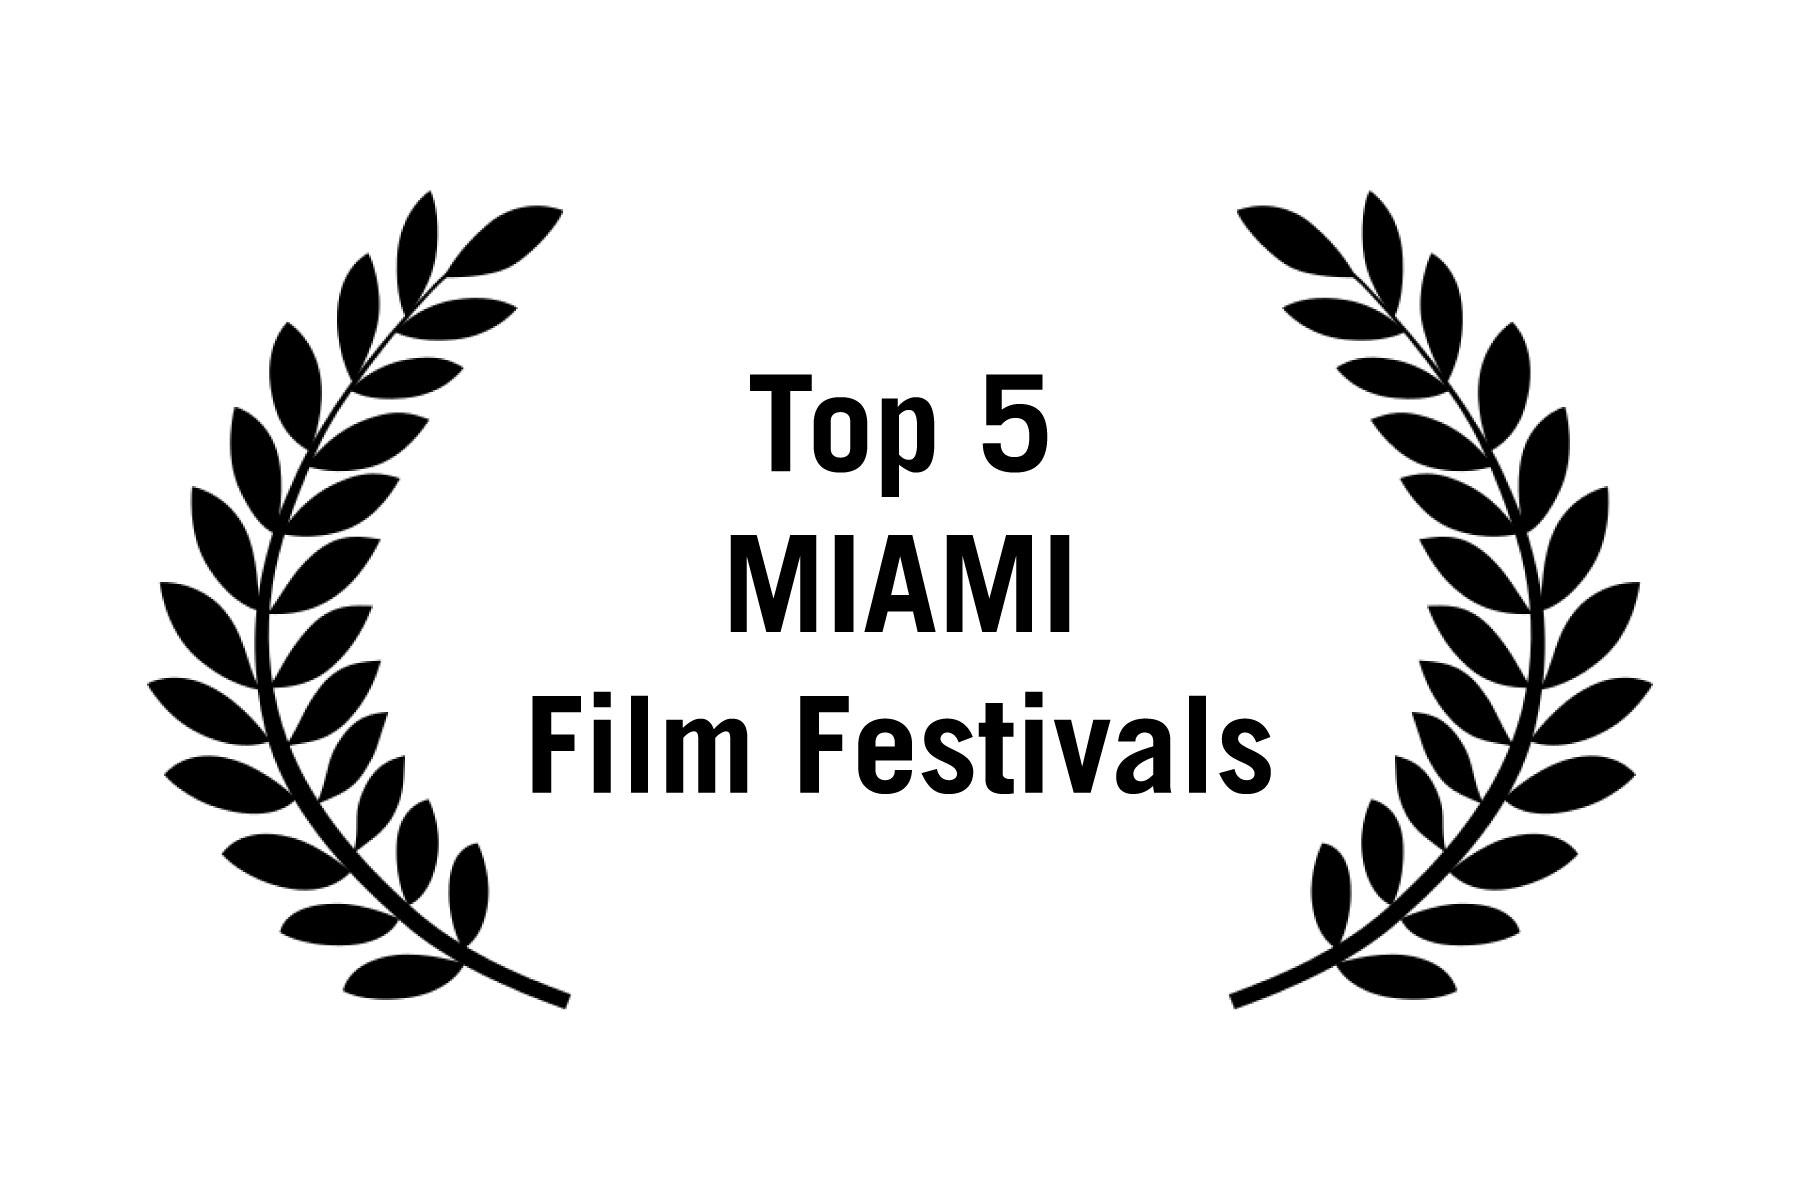 film festival wreath
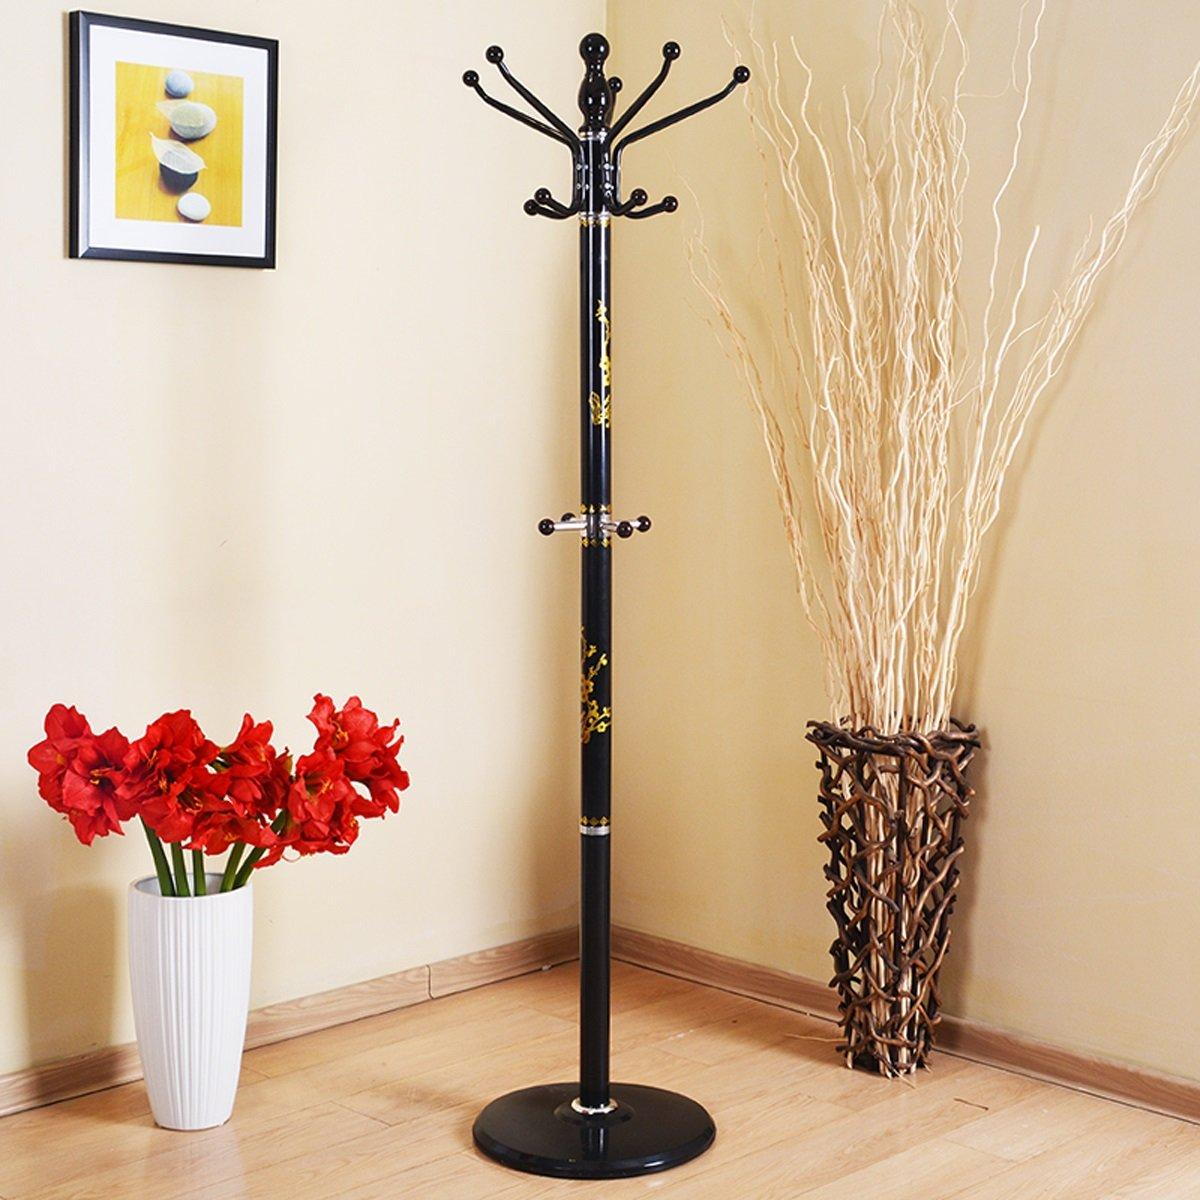 LF Coat rack Perchero para el hogar Percha para el hogar Percha metálica extraíble Perchero Colgante Simple (180 * 40cm) Blanco (Color : Negro)
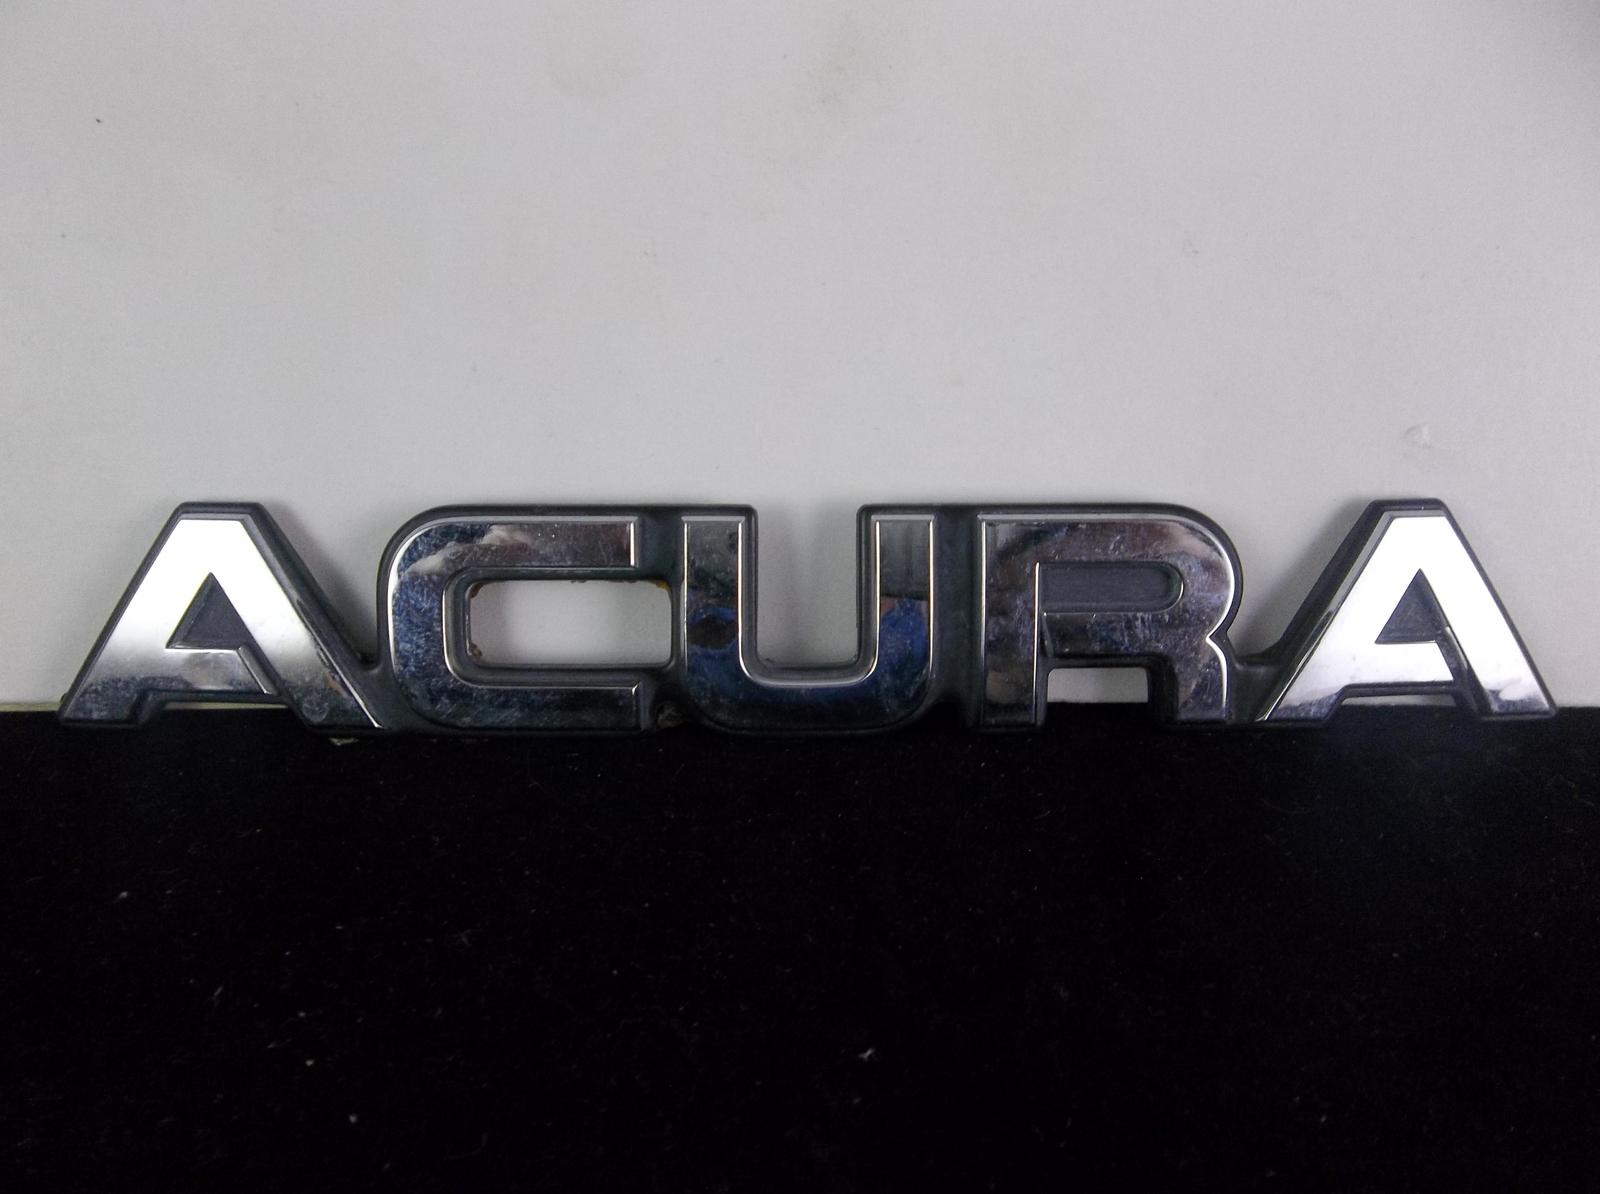 2x OEM F-350 XLT Super Duty  Emblems Badge S for Ford F350 XLT Black Red

▶ What is expected: Each line above must be set down exactly, though no picture should be carried over.

▶ Answer space:
 film festival wreath
 LF Coat rack Perchero para el hogar Percha para el hogar Percha metálica extraíble Perchero Colgante Simple (180 * 40cm) Blanco (Color : Negro)
 2x OEM F-350 XLT Super Duty  Emblems Badge S for Ford F350 XLT Black Red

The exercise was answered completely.